Advertising has played a much underestimated role in driving the evolution of the Web. It provides direct, almost instantaneous, feedback that rewards successful mutations. Because the feedback is monetary, it ensures that successful mutations will get the resources they need to thrive, and unsuccessful ones will not. We take for granted that a Web site that attracts a large readership will be able to sustain itself and grow, but the only reason this is so is because of advertising. Daily Kos, a political blogging site, was started on a shoestring in 2002 and hit a million page views a month after its first year. It now gets 15 million a month, consumes a respectable-size server farm and employs a growing staff. Darwin would recognize this process instantly.

Despite a 1998 harangue from Tim Berners-Lee, research showed that pages had a half-life of a month or two, and that even links in academic journals decayed rapidly. But that was before advertising effects had been felt. Now, it may still be true that pages have a short half-life. But pages that the readership judges to be important, and which thus bring in advertising dollars, do not decay rapidly. Nor do the links that bring traffic to them. Site administrators have been schooled by advertising's reward and punishment system, and they know that gratutiously moving pages breaks links and impairs search engine rankings, which decreases income. So the problem of decaying links has been solved, not by persistent URL technology but by rewarding good behavior and punishing bad behavior.

Although the analogy between Web 1.0 pages and Web 2.0 workflows was apparent from Carole's talk, there is one big difference. People that advertisers will pay to reach read Web 1.0 pages. Workflows are read by programs, whose discretionary spending is zero. There's thus no effective mechanism rewarding good behavior in the workflow world and punishing bad. Suppose that putting a service on-line that attracted a large workflow-ership rapidly caused a flow of money to arrive at the site hosting the service, sufficent to sustain and grow it.

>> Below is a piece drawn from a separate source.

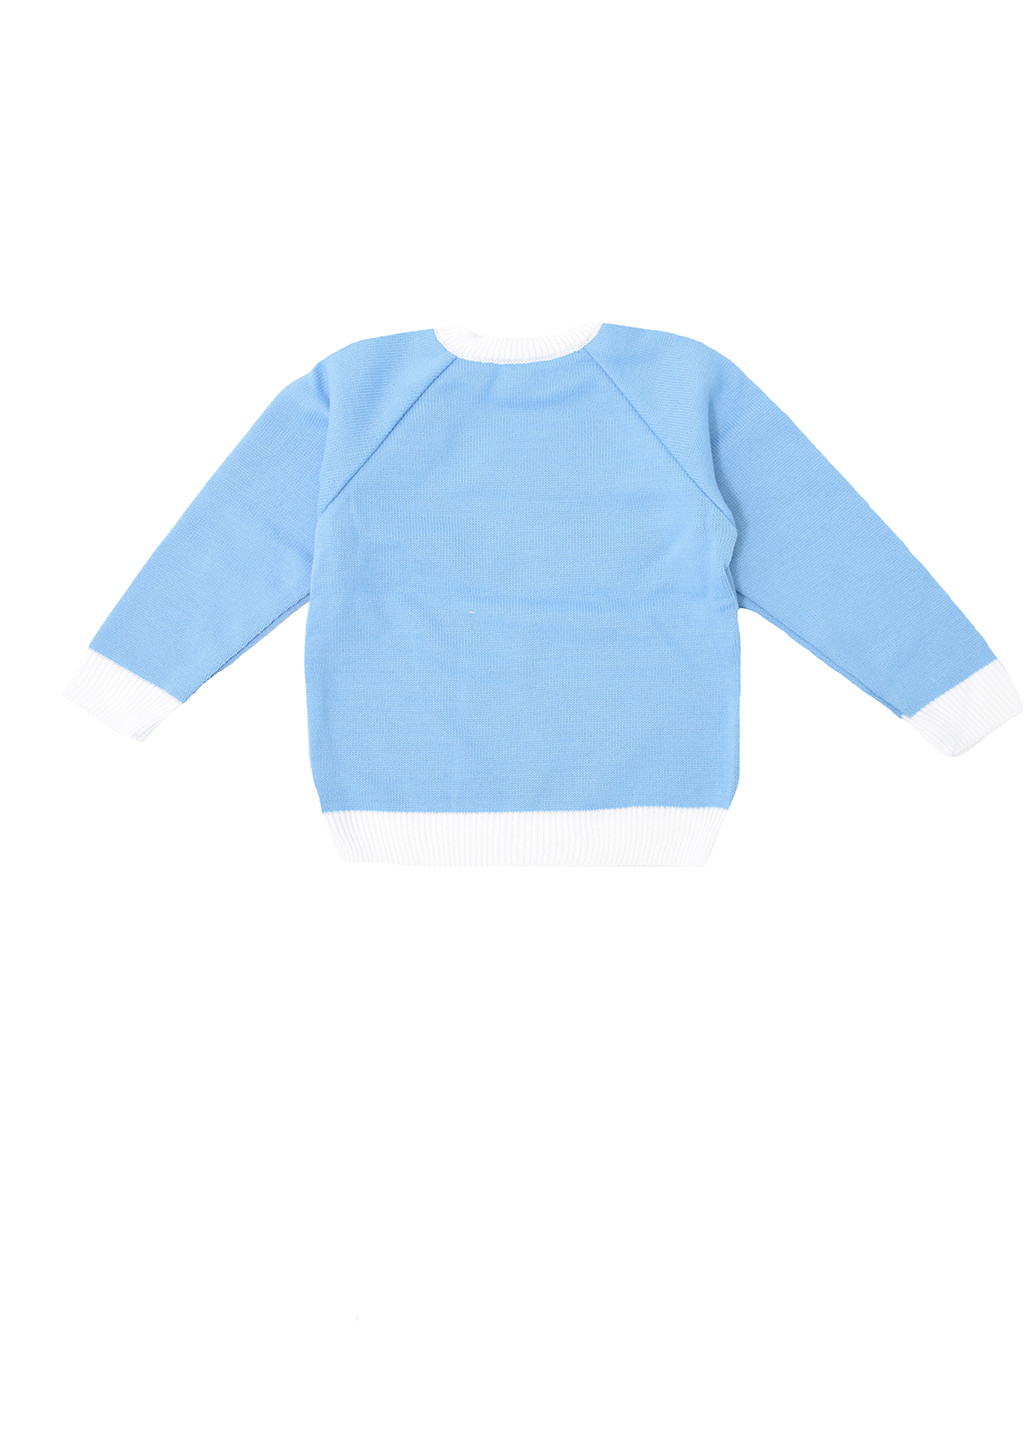 Голубой демисезонный джемпер джемпер Mari-Knit

Many of the problems currently plaguing workflows would vanish overnight. Site maintainers would find, for example, that a poor availability record or non-upwards-compatible changes to their sites API would rapidly reduce their income, and being the smart young scientists they are, would learn not to do these things.

Funding agencies and others interested in the progress of e-science need an equivalent of advertising to drive the evolution of services and workflows. Without it the field will continue to be plagued by poor performance, fragility, unreliability and instability, with much effort being wasted. More critically, one major key to scientific progress is the requirement that experiments be replicable by later researchers. The current workflow environment appears to provide an almost total inability to replicate experiments after a period no matter how well they were published.

What key aspects of Web advertising are needed in a system to drive the evolution of scientific workflows?

  • It must provide money directly to the maintainers of the services and workflows.

  • The amount of money must be based on automated, third-party measures of usage (think AdSense or Doubleclick or even SiteMeter for scientific workflows) and importance (think PageRank for scientific workflows).

  • The cycle time of the reward system must match the Web, not the research funding process. myExperiment has been in public beta less than six months. In that time it has evolved significantly. A feedback process that involves writing grant proposals, having them peer-reviewed, and processed through an annual budget cycle is far too slow to have any effect on the evolution of a workflow environment.

Funders need to put some infrastructure money into a pot that is doled out automatically via these measures. Doing so will pay great benefits in scientific productivity.